[Date Prev][Date Next][Thread Prev][Thread Next][Date Index][Thread Index]
Re: [PATCH v6 01/21] backends/iommufd: Introduce the iommufd object
|
From: |
Eric Auger |
|
Subject: |
Re: [PATCH v6 01/21] backends/iommufd: Introduce the iommufd object |
|
Date: |
Thu, 16 Nov 2023 09:32:46 +0100 |
|
User-agent: |
Mozilla Thunderbird |
Hi Zhenzhong,
On 11/16/23 05:04, Duan, Zhenzhong wrote:
> Hi Eric,
>
>> -----Original Message-----
>> From: Eric Auger <eric.auger@redhat.com>
>> Sent: Wednesday, November 15, 2023 8:53 PM
>> Subject: Re: [PATCH v6 01/21] backends/iommufd: Introduce the iommufd object
>>
>> Hi Zhenzhong,
>>
>> On 11/14/23 11:09, Zhenzhong Duan wrote:
>>> From: Eric Auger <eric.auger@redhat.com>
>>>
>>> Introduce an iommufd object which allows the interaction
>>> with the host /dev/iommu device.
>>>
>>> The /dev/iommu can have been already pre-opened outside of qemu,
>>> in which case the fd can be passed directly along with the
>>> iommufd object:
>>>
>>> This allows the iommufd object to be shared accross several
>>> subsystems (VFIO, VDPA, ...).
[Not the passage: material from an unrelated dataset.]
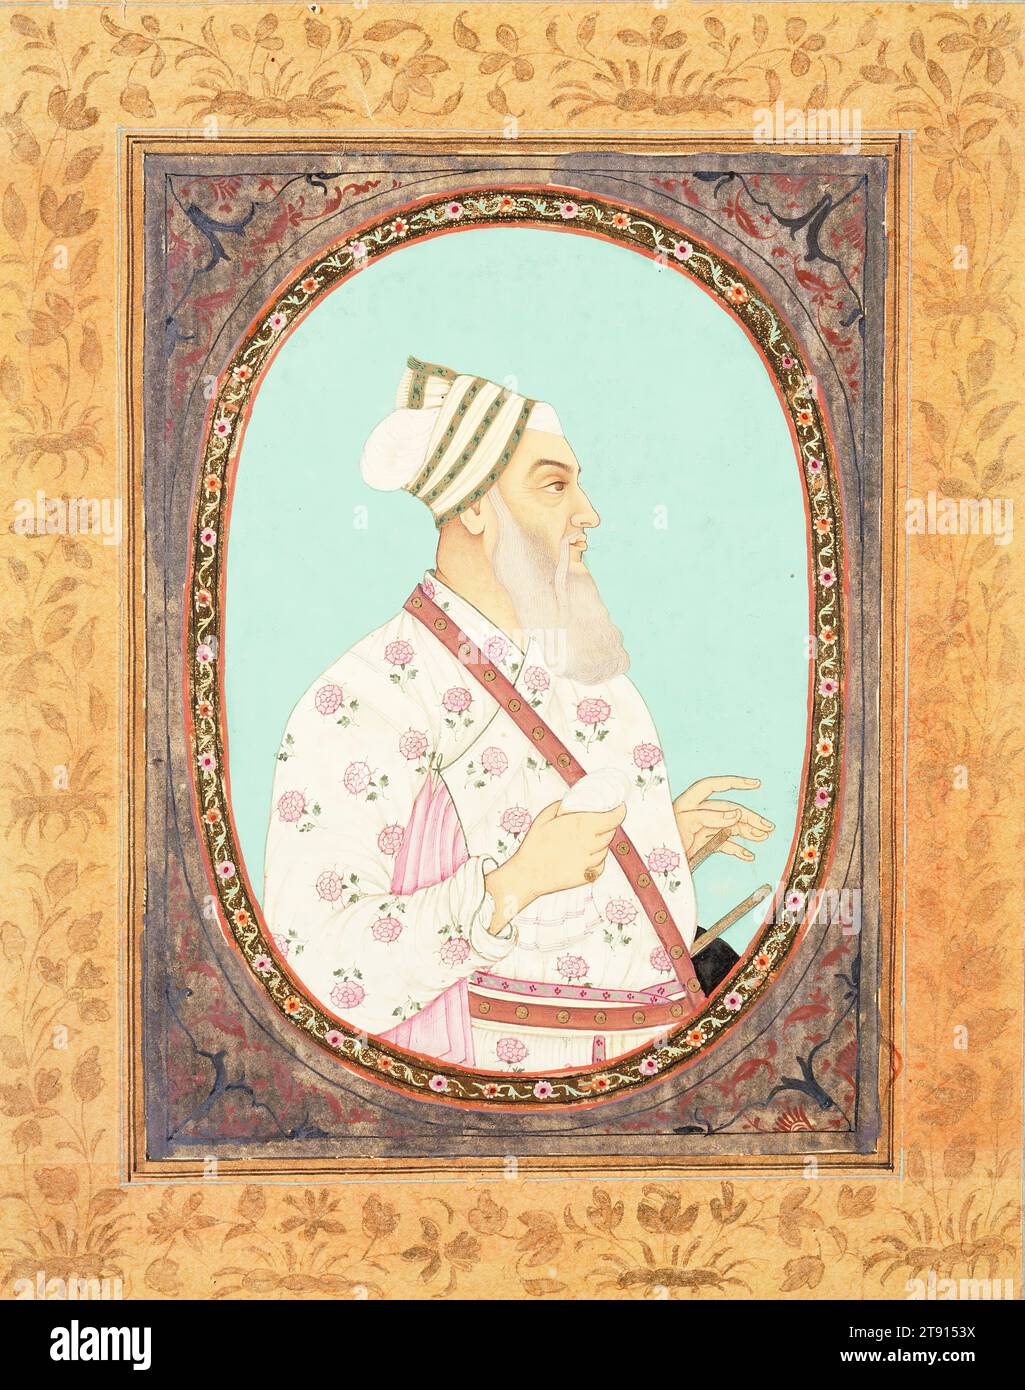 Portrait du général Nawah Firoz Khan, début du 18e siècle, 7 7/8 x 6 3/8 po. (20 x 16,19 cm), aquarelles opaques et or sur papier, Inde, 18e siècle, ce portrait finement exécuté du général Firoz Khan, noble du XVIIe siècle et membre de la cour Golkonda dans le Deccan, démontre que la peinture d'inspiration persane a prospéré à Golkonda avant que le souverain moghol Aurangzeb ne la conquit finalement en 1687. Les dirigeants du plateau du Deccan étaient musulmans, comme les Moghols, mais alors que les Moghols étaient sunnites et influencés par la peinture orientale iranienne et d'Asie centrale Banque D'Images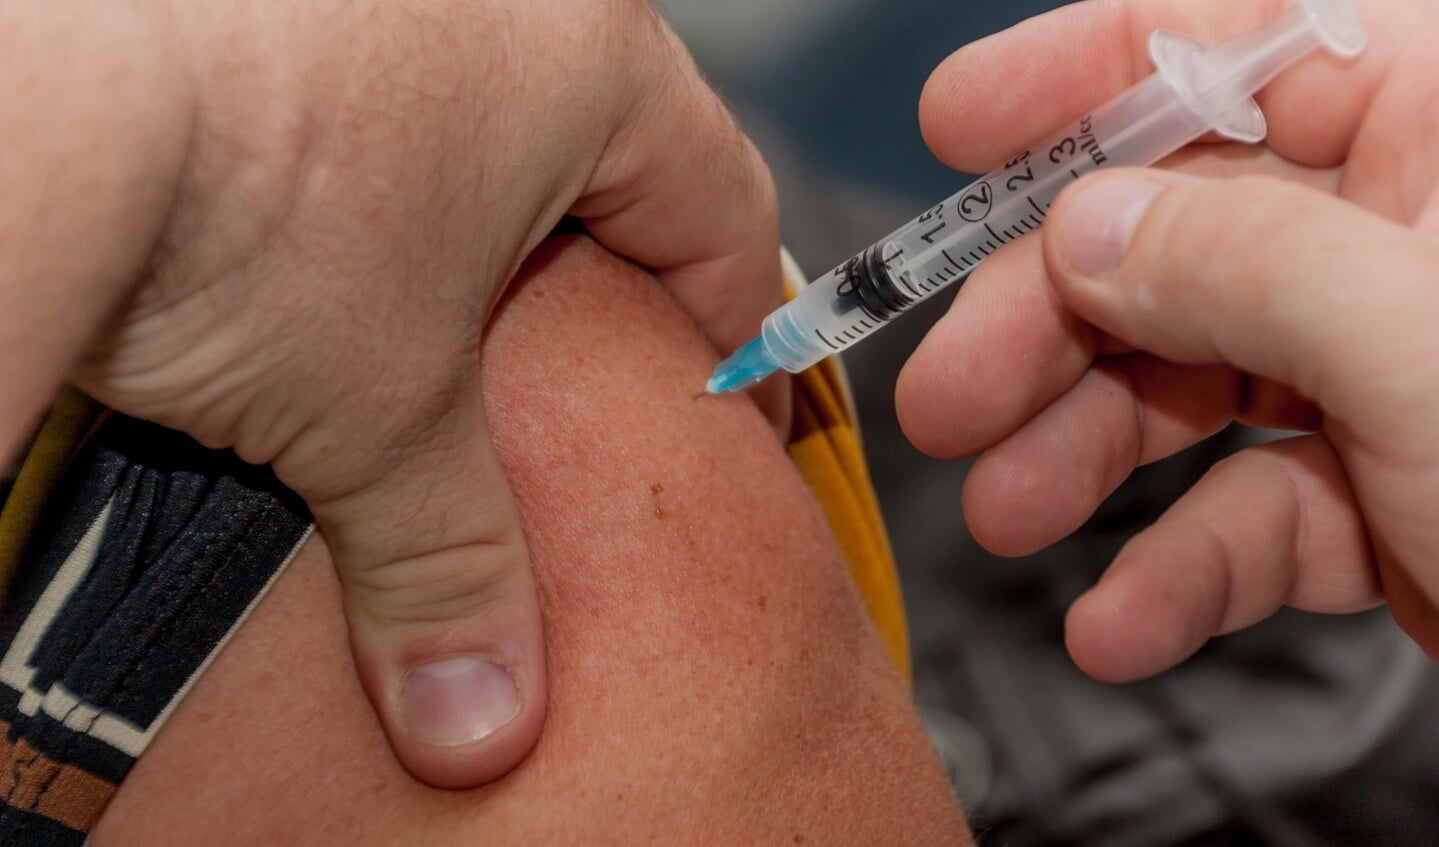 Huisartsen vrezen drukte vanwege vaccinatiecampagne najaar.

For example, libvirt would open
>>> the /dev/iommu once.
>>>
>>> If no fd is passed along with the iommufd object, the /dev/iommu
>>> is opened by the qemu code.
>>>
>>> Suggested-by: Alex Williamson <alex.williamson@redhat.com>
>>> Signed-off-by: Eric Auger <eric.auger@redhat.com>
>>> Signed-off-by: Yi Liu <yi.l.liu@intel.com>
>>> Signed-off-by: Zhenzhong Duan <zhenzhong.duan@intel.com>
>>> ---
>>> v6: remove redundant call, alloc_hwpt, get/put_ioas
>>>
>>> MAINTAINERS | 7 ++
>>> qapi/qom.json | 19 ++++
>>> include/sysemu/iommufd.h | 44 ++++++++
>>> backends/iommufd.c | 228 +++++++++++++++++++++++++++++++++++++++
>>> backends/Kconfig | 4 +
>>> backends/meson.build | 1 +
>>> backends/trace-events | 10 ++
>>> qemu-options.hx | 12 +++
>>> 8 files changed, 325 insertions(+)
>>> create mode 100644 include/sysemu/iommufd.h
>>> create mode 100644 backends/iommufd.c
>>>
>>> diff --git a/MAINTAINERS b/MAINTAINERS
>>> index ff1238bb98..a4891f7bda 100644
>>> --- a/MAINTAINERS
>>> +++ b/MAINTAINERS
>>> @@ -2166,6 +2166,13 @@ F: hw/vfio/ap.c
>>> F: docs/system/s390x/vfio-ap.rst
>>> L: qemu-s390x@nongnu.org
>>>
>>> +iommufd
>>> +M: Yi Liu <yi.l.liu@intel.com>
>>> +M: Eric Auger <eric.auger@redhat.com>
>> Zhenzhong, don't you want to be added here?
>>> +S: Supported
>>> +F: backends/iommufd.c
>>> +F: include/sysemu/iommufd.h
>>> +
>>> vhost
>>> M: Michael S. Tsirkin <mst@redhat.com>
>>> S: Supported
>>> diff --git a/qapi/qom.json b/qapi/qom.json
>>> index c53ef978ff..1fd8555a75 100644
>>> --- a/qapi/qom.json
>>> +++ b/qapi/qom.json
>>> @@ -794,6 +794,23 @@
>>> { 'struct': 'VfioUserServerProperties',
>>> 'data': { 'socket': 'SocketAddress', 'device': 'str' } }
>>>
>>> +##
>>> +# @IOMMUFDProperties:
>>> +#
>>> +# Properties for iommufd objects.
>>> +#
>>> +# @fd: file descriptor name previously passed via 'getfd' command,
>> "previously passed via 'getfd' command", I wonder if this applies here or
>> whether
>> it is copy/paste of
>> RemoteObjectProperties.fd doc?
> Maybe copied😊 I thinks this applies here because I use monitor_fd_param to
> get fd.
> Or I miss anything?
This is a bit cryptic to me and I don't really understand what it means.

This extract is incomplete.